My Life as a Zucchini (PG-13) Nominated for the Oscar for Best Animated Feature, Claude Barras’ film is about an orphaned French boy (voiced by Gaspard Schlatter) who learns to make new friends in his orphanage. Additional voices by Sixtine Murat, Pauline Jaccoud, Michel Vuillermoz, Raul Ribera, Estelle Hennard, and Elliot Sanchez. (Opens Friday in Dallas)

The Other Half (NR) This romance stars Tatiana Maslany as a bipolar waitress who tries to find happiness with a grieving man (Tom Cullen). Also with Diana Bentley, Henry Czerny, Suzanne Clément, and Mark Rendall. (Opens Friday at AMC Grapevine Mills)

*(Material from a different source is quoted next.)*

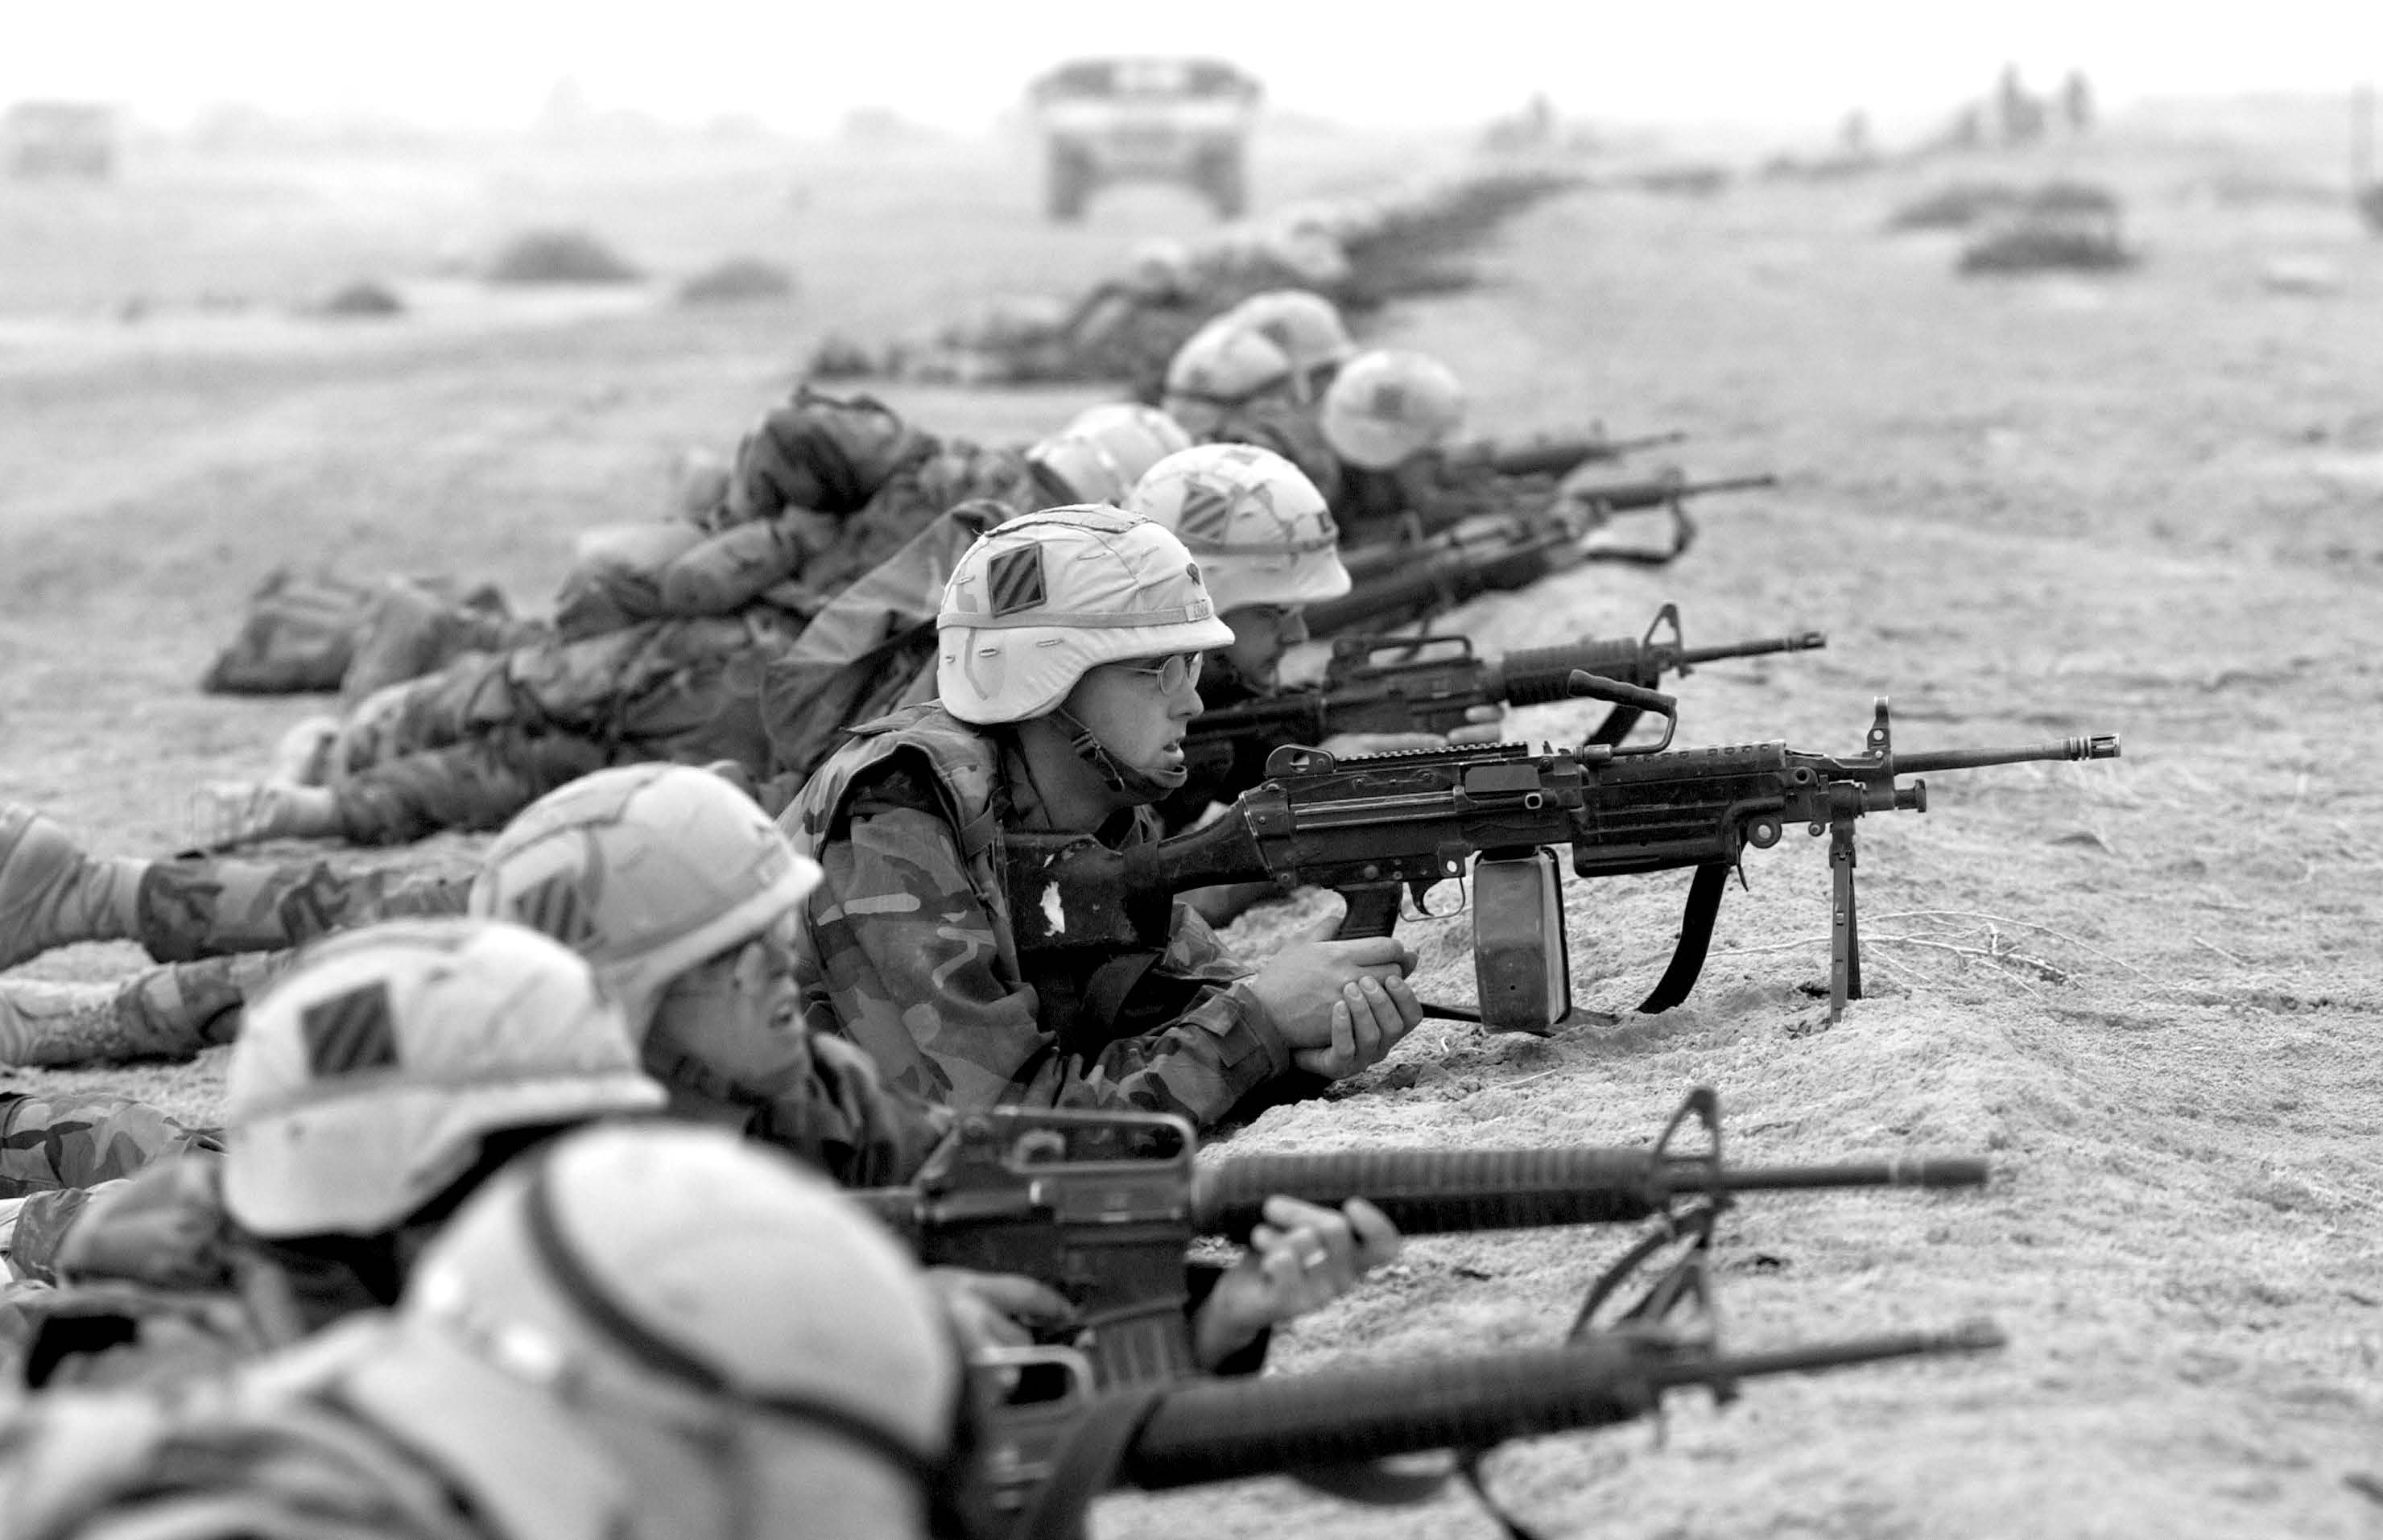 Soldiers from the 3rd Infantry Division in firing positions during an enemy approach on their position in southern Iraq on March 24, 2003. Courtesy of DoD.

The Ottoman Lieutenant (R) A lot of stunning shots of the Turkish countryside are the most this movie has to offer. Hera Hilmar stars as an American nurse who volunteers at a medical clinic in eastern Anatolia in 1916, just in time for World War I and the Armenian genocide, and just to be romantically torn between the idealistic doctor (Josh Hartnett) who runs the clinic and the dashing Turkish army officer (Michiel Huisman) from the title. There are a couple of decent action sequences with Huisman at the center, but the apple-cheeked Icelandic newcomer Hilmar is as dynamic as a glop of skyr at the center of this. Try as he might, director Joseph Ruben (Return to Paradise) can’t infuse this romantic epic with any of the urgency that the subject requires. Also with Ben Kingsley, Affif ben Badra, Selçuk Yöntem, Eliska Slansky, Hasan Say, and Haluk Bilginer. (Opens Friday at AMC Grapevine Mills)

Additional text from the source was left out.